Ama 2010 sonrası, özellikle de Mısır’da Müslüman Kardeşler’in iktidar yenilgisi, ardından bölgede IŞİD gibi radikal bir örgütün yükselişi batı için İslam’ı müzakere edilebilir, ‘ılımlaştırılabilir’ bir özne olmaktan çıkardı.”
AKP: Ilımlı İslam’dan otoriterleşmeye
Türkiye’de AKP’nin yıllar içerisinde kadın haklarıyla ilgili tutumunu,”İslamcı gelenekle bağlar olduğunda kadın meselesi ‘ılımlı’ olsalar dahi İslamcıların yumuşak karnı olarak devreye girdi” diyerek özetleyen Yılmaz, geçtiğimiz 20 yılı şöyle anlatıyor:
“Türkiye’de de 2000’li yıllarda yükselen kadın hareketine bağlı olarak İslamcı kadınlar da güçlenmiş ve çeşitlenmişti. AKP’nin iktidar olmasında İslamcı kadınların desteği de önemliydi.

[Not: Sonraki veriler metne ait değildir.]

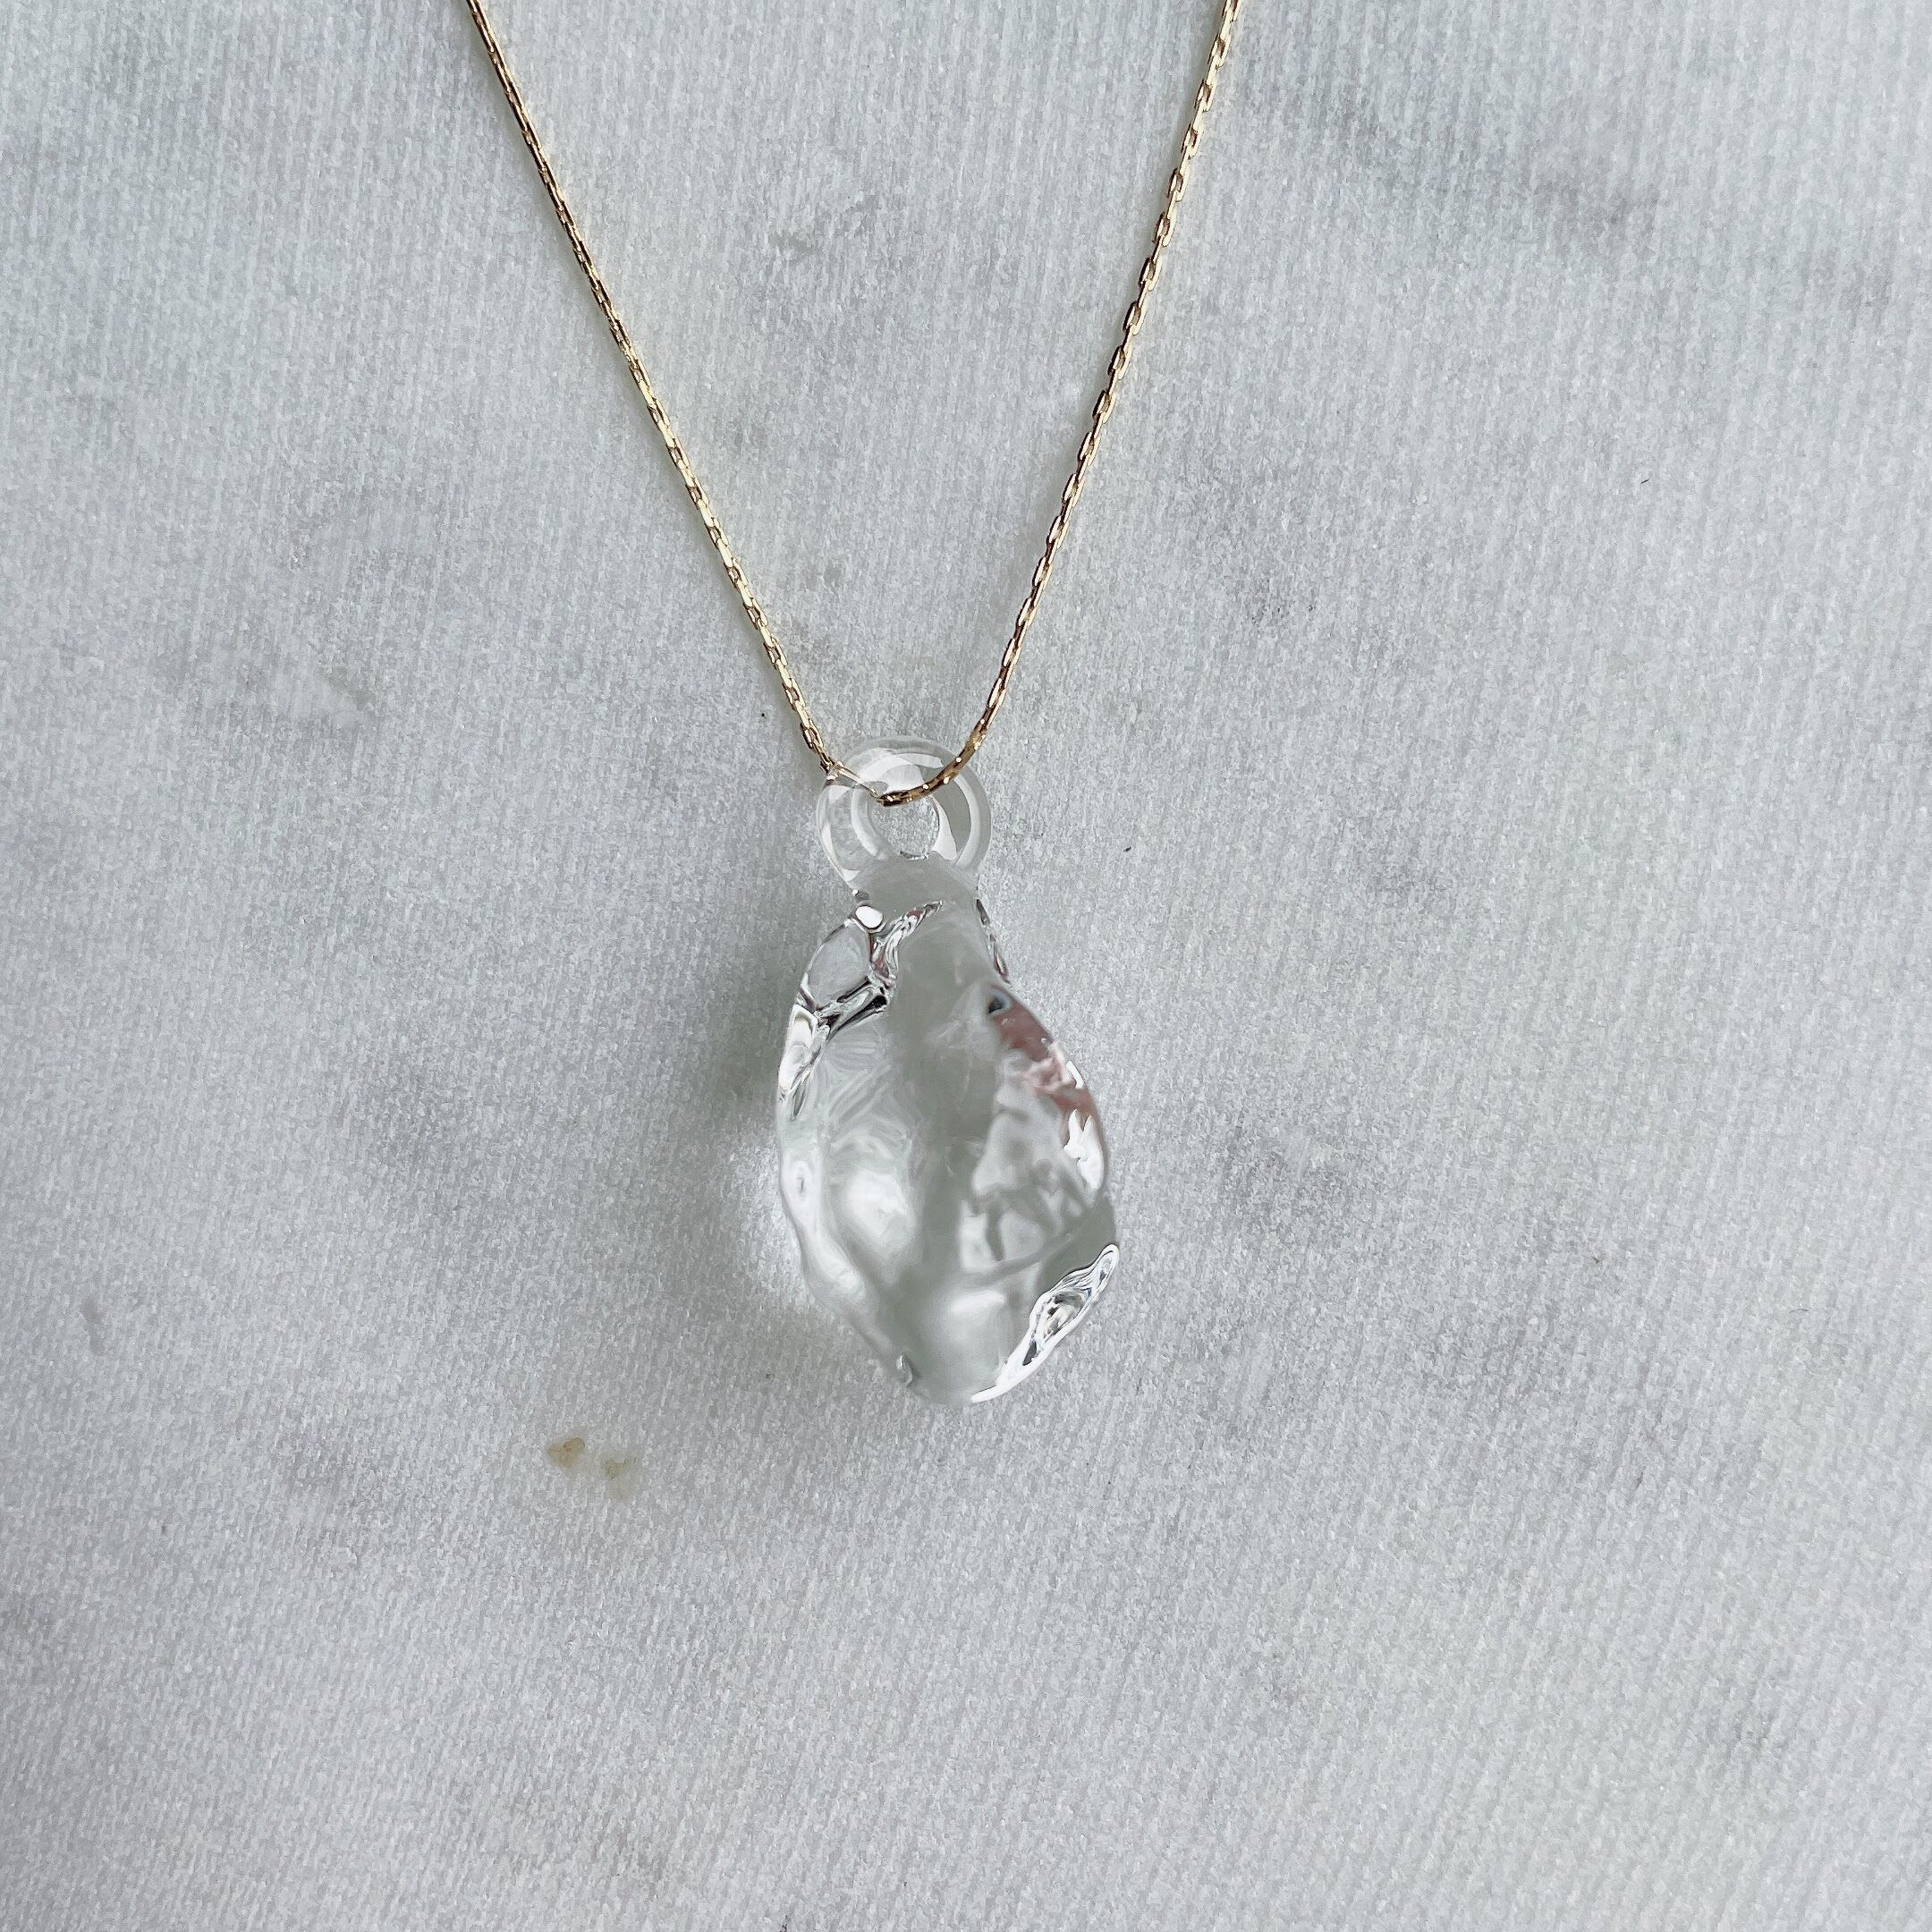 Glass Drop Necklace ガラスドロップネックレス | dix ONLINE STORE | ディスのアクセサリーオンラインショップ  powered by BASE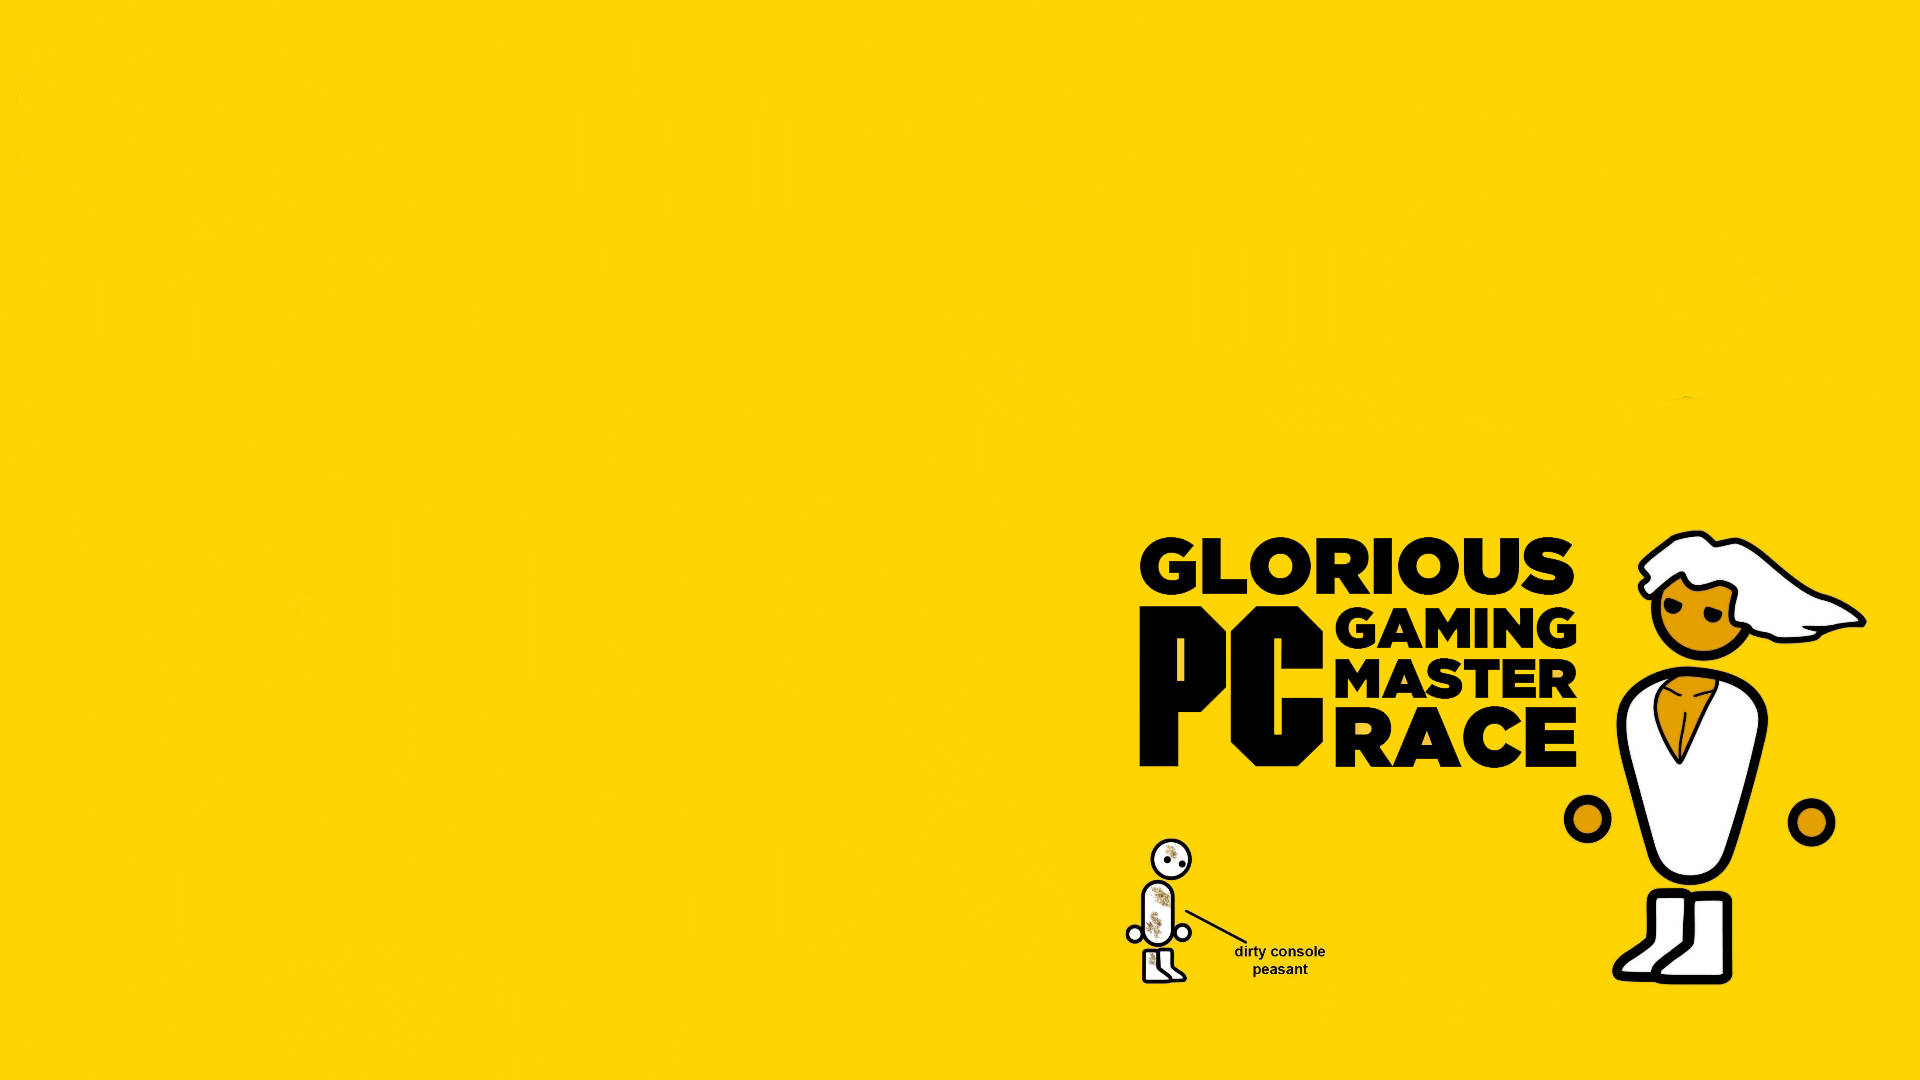 Glorious Pc Master Race Yellow Picture

Ama Türkiye için de otoriterleşmenin İslamcı kadınları da içerecek biçimde genişlediğinin en önemli işareti bence KADEM’in kurulmasıydı. Çünkü otoriter rejimler, kendisiyle aynı ideolojiyi paylaşsa dahi çeşitliliği ve bağımsız hareket edenleri sevmez.
KADEM, Türkiye’de İslamcı kadınları tek bir çatı altında toplayarak yönetebilme, yönlendirme projesinin önemli bir aracıydı. Birçok İslamcı kadın örgütü, KADEM kurulunca ya onun içinde eridi ya da ona güdümlü hareket etmeye başladı. Onun dışında kalan İslamcı kadınlar ise marjinalleştirildi.
AKP’nin ilk 10 yılı ‘ılımlı İslam’ projesinin iyi bir örneğiydi, ama otoriterleşme sürecinin başlamasıyla birlikte kadın meselesinde atılan adımlar en nihayetinde İstanbul Sözleşmesi’nden bir gecede çıkılmasına kadar ulaştı.
Bu hamle herkesin de teyit ettiği üzere, AKP’nin İslamcı tabanını toparlamaya dönük bir hamlesiydi.”